Confusion regarding wedge products

Question

While studying smooth manifolds and differential forms I have come across multiple definitions of the wedge product, and I have been having some trouble seeing the equivalence between them.

At the most general level, if we have two alternating tensors $f$ and $g$, of size $k$ and $\ell$ respectively, then $f \wedge g$ is another alternating tensor of size $(k + \ell)$. This suggests the wedge product is a sort of "multiplication operator" amongst tensors. If we apply this definition to two differential forms $\omega$ and $\tau$, then $\omega \wedge \tau$ makes sense because at each point $p$ in a manifold $M$, $\omega_p$ and $\tau_p$ are just alternating tensors so $\omega_p \wedge \tau_p = (\omega \wedge \tau)_p$ is an example of the above definition.

My first question: is there any interpretation of $\omega \wedge \tau$ that is not pointwise?

On the other hand, I have read that the wedge product of $n$ vectors is the same as the determinant of the $n$ vectors, or equivalently, the volume of the parallelepiped which they span. Using $\mathbb{R}^3$ as an example, we use linearity to obtain something of the form $$c_1 (e_1 \wedge e_2) + c_2(e_1\wedge e_3) + c_3 (e_2 \wedge e_3)$$ for some constants $c_i$.

My second question: in the above example the basis vectors $e_i$ are not alternating multilinear functions, so how does the wedge product make sense here? How are we to interpret it in view of the definition I gave?

My third question: my current interpretation of differential forms comes straight from their definition, so they are a function that assigns to each point in the manifold an alternating tensor. Does there exist a geometric interpretation of the wedge product of differential forms (or even just differential forms themselves for that matter) similar to the wedge product of vectors?

Answer 1

The global interpretation you are probably looking for makes use of the language of fibre bundles.

First, a differential $k$-form on a manifold $M$ is a section of the $k$-th exterior power of the cotangent bundle over $M$. This just means that if $\omega$ is a $k$-form on $M$ then you can look at it at a point $p$ of $M$, and this will give you a skew-symmetric tensor $\omega_p \colon \Lambda^k T_pM \to \mathbb R$. The map $p \in M \mapsto \omega_p \in \Lambda^k T_p^*M$ is smooth.
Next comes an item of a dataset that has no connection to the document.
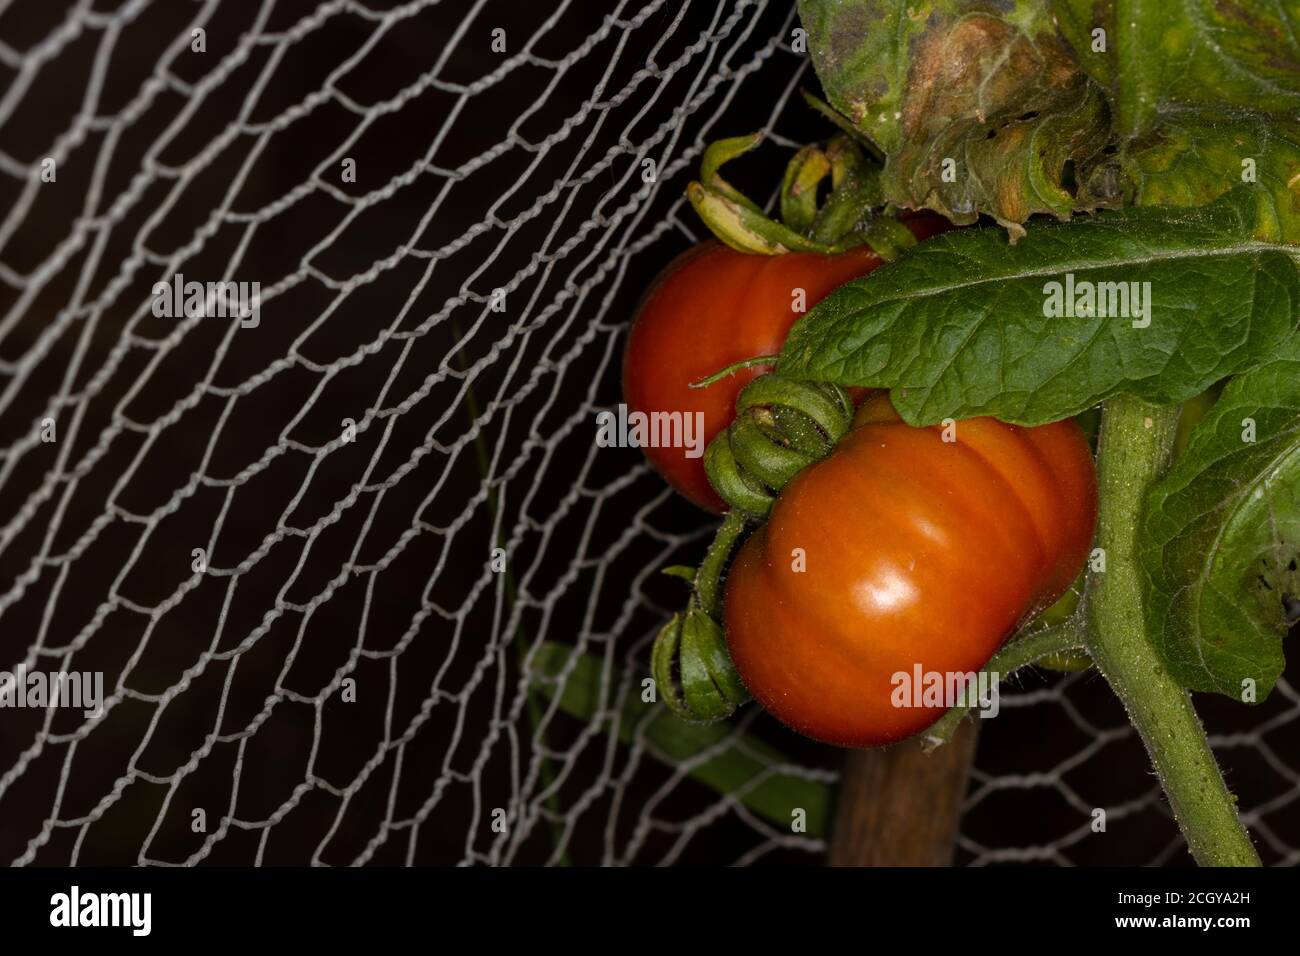 Large red tomatoes on the vine in home garden setting with steel mesh background Stock Photo

Now take a $k$-form $\omega$ and an $l$-form $\eta$ on $M$. Then $\omega \wedge \eta$ is a $(k+l)$-form, and its global interpretation is exactly as above. You are right to consider $\wedge$ as a product in the set of differential forms over $M$.

Regarding your second question, a $k$-vector is a section of the $k$-th exterior power of the tangent bundle over $M$ (e.g. $e_1 \wedge e_2$ as in your question is a $2$-vector). You can define a wedge product for $k$-vectors too, just take the same formal properties of the wedge product for forms and apply them to $k$-vectors.

I comment on your third question. Formally, vectors and covectors are completely different geometric objects. Likewise, $k$-forms and $k$-vectors are totally different. Nonetheless, they share the same properties with respect to $\wedge$, and sometimes they can be identified in a canonical way. For instance, when you have a metric tensor $g$ on your manifold (an inner product at each tangent space), then there is a canonical isomorphism $X_p \in T_pM \mapsto g_p(X_p,{}\cdot{}) \in T_p^*M$ transforming a tangent vector to a covector. You can extend this identification to $k$-vectors and $k$-forms as well. It is then obvious that the geometric interpretation you can give to operations with $k$-forms is the same as if you were using $k$-vectors.

Answer 2

First: The form $\omega\wedge\tau$ will necessarily be pointwise, since it's a tensor, and tensors are pointwise. I'm not sure what kind of answer you're hoping for.

Third: You can use Poincare duality and try to interpret closed forms in terms of that language. However, you should understand the use of forms; a major point of their existence is to be integrated. My advice it to ditch the need for geometric intuition and learn to compute in local coordinates with these objects.